Человечество разучилось рожать детей. Бесплодие, словно пандемия, охватило весь земной шар. Люди стареют, хиреют, умирают, оставляя после ничто. Последний ребенок родился в 2003 году, да и того буквально недавно в уличной драке посадили на нож, в связи с чем мир заливается слезами и пересматривает на YouTube первые шаги «звездного мальчика». Тео пускать слюни не намерен, ибо уже прошел этот этап, когда потерял единственного сына, а затем и жену Джулиан. Последняя, не найдя иного выхода, утопила печаль в повстанческо-террористической деятельности.
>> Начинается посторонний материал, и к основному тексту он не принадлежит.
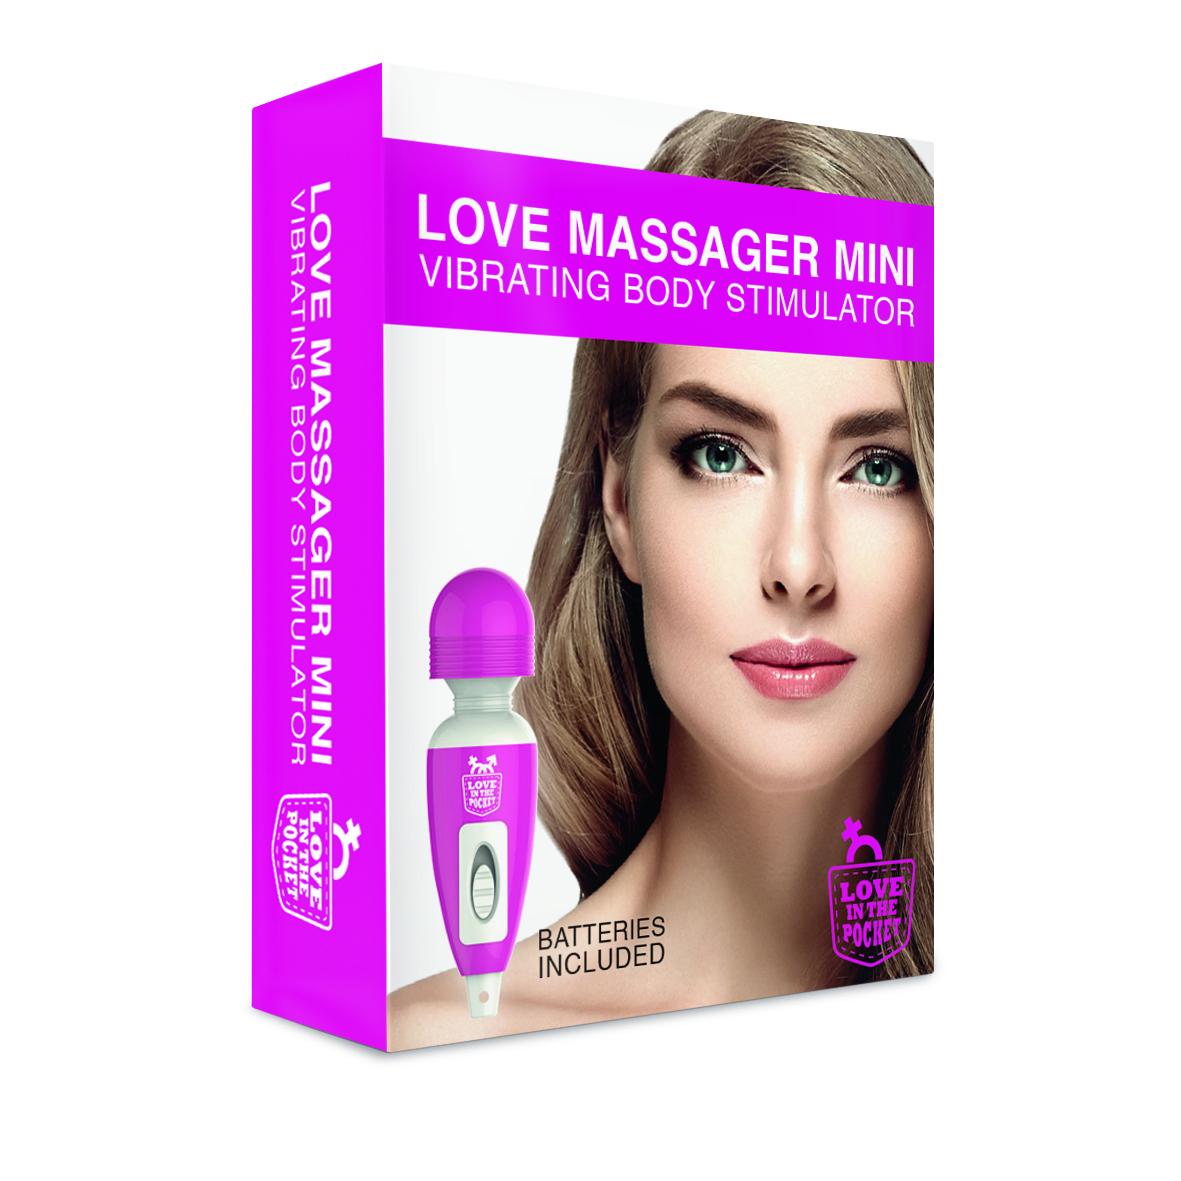 Love In The Pocket - Love Massager Mini Vibrating Body Stimu

И теперь, спустя многие годы отчуждения, вдруг обратилась к бывшему супругу за помощью.
Задача поначалу видится простой: получить разрешительные бумажки для вывоза некой девушки из наглухо заколоченной страны. Учитывая, что родной брат Тео — министр, не такая уж и невыполнимая миссия. Тео, правда, не в курсе, что положение у беженки незавидное. Точнее, интересное. Проще говоря, она беременна. В других обстоятельствах негритянка, залетевшая от одного из своих безымянных дружков, вряд ли стала бы центром всеобщего внимания. Но Джулиан понимает, что в нынешней ситуации каждая из сторон, будь то повстанцы иль государство, захочет воспользоваться ребенком в качестве знамени.
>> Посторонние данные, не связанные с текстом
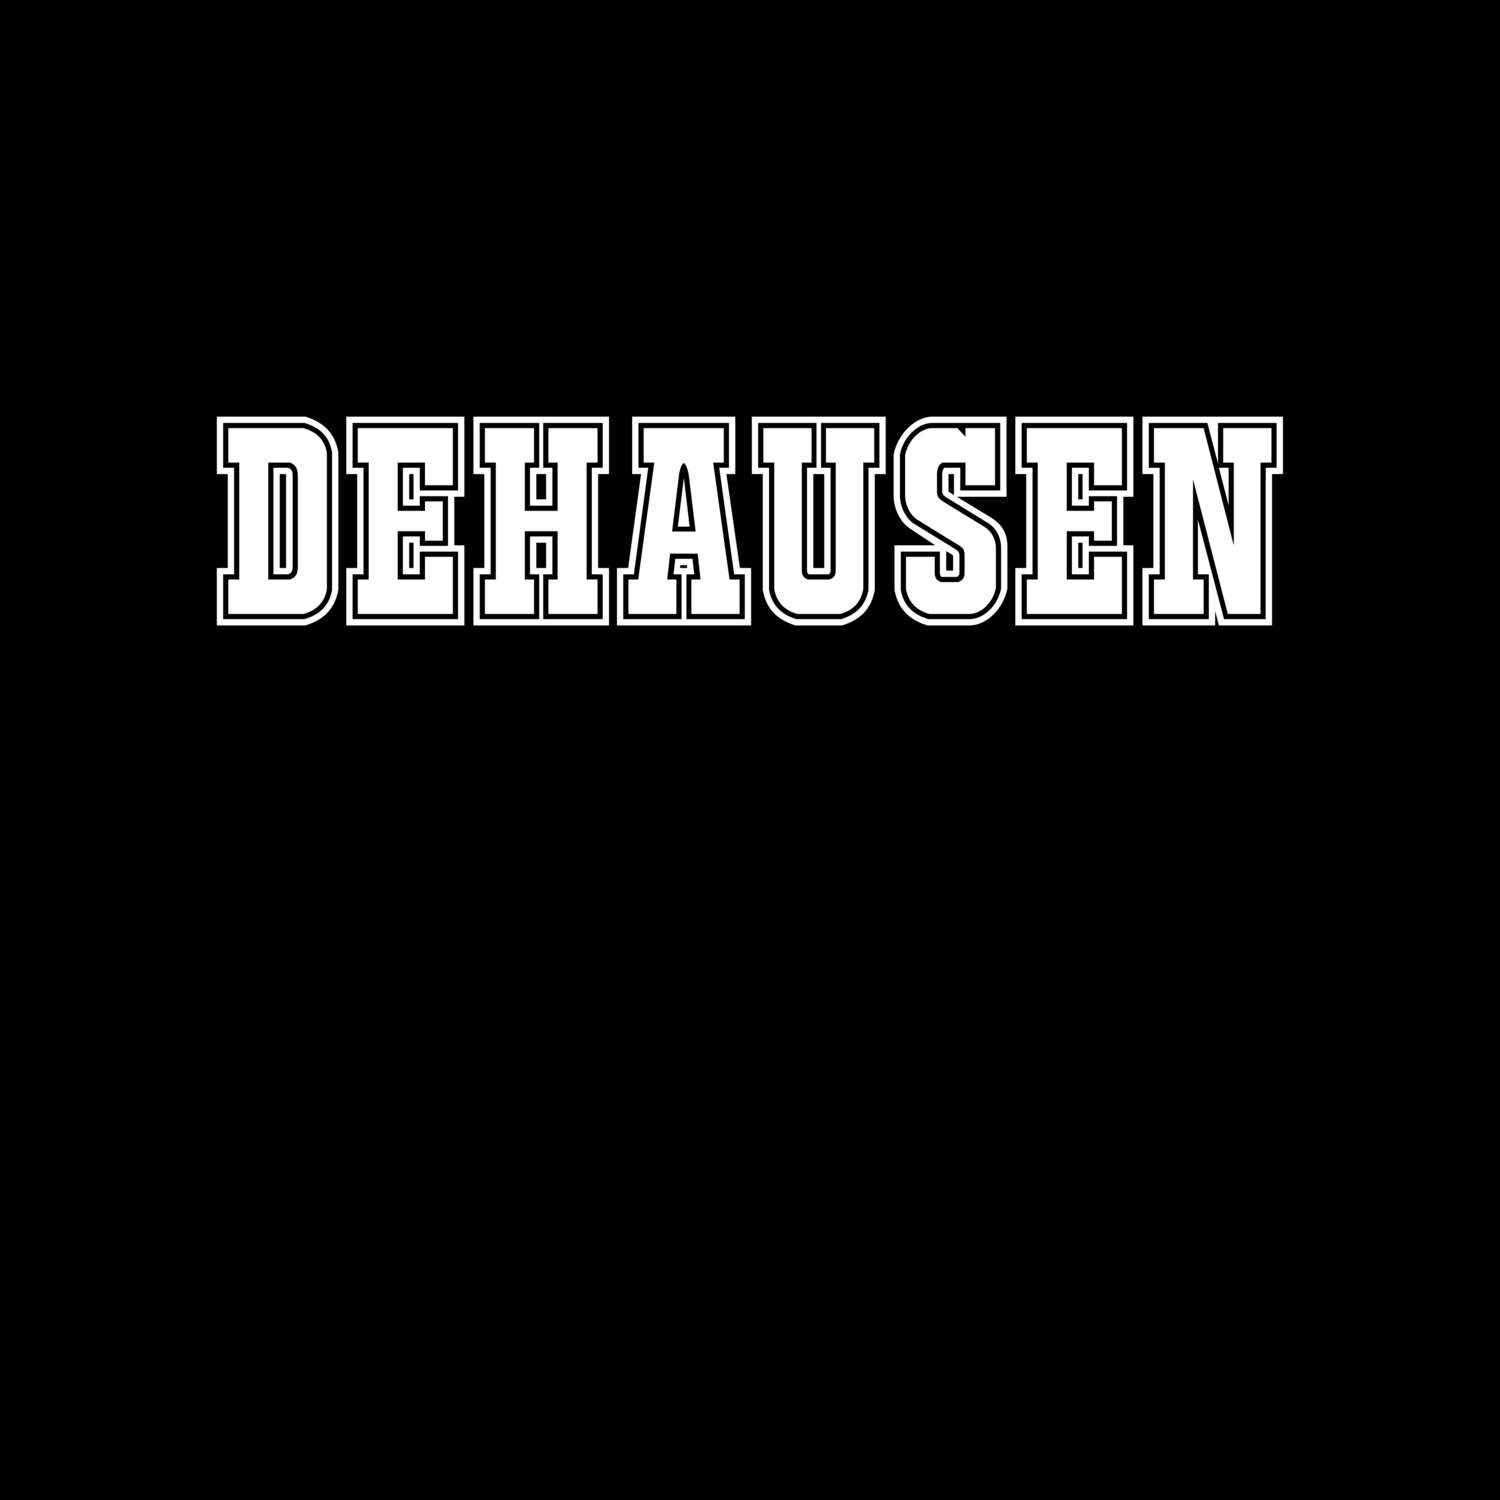 Dehausen T-Shirt »Classic«

Но есть и альтернатива. В виде тайной организации «Человечество», способной не только приютить дитя, но и попробовать найти лекарство от бесплодия. Проблема в том, что Джулиан, в отличие от своих друзей по оружию, идеалистка. А Тео — всего лишь офисный работник, а не боец невидимого фронта, способный прорваться сквозь кордоны. Но в его руках жизнь. Новая жизнь, ради которой не жалко пожертвовать и своей, совсем уже уставшей и потрепанной…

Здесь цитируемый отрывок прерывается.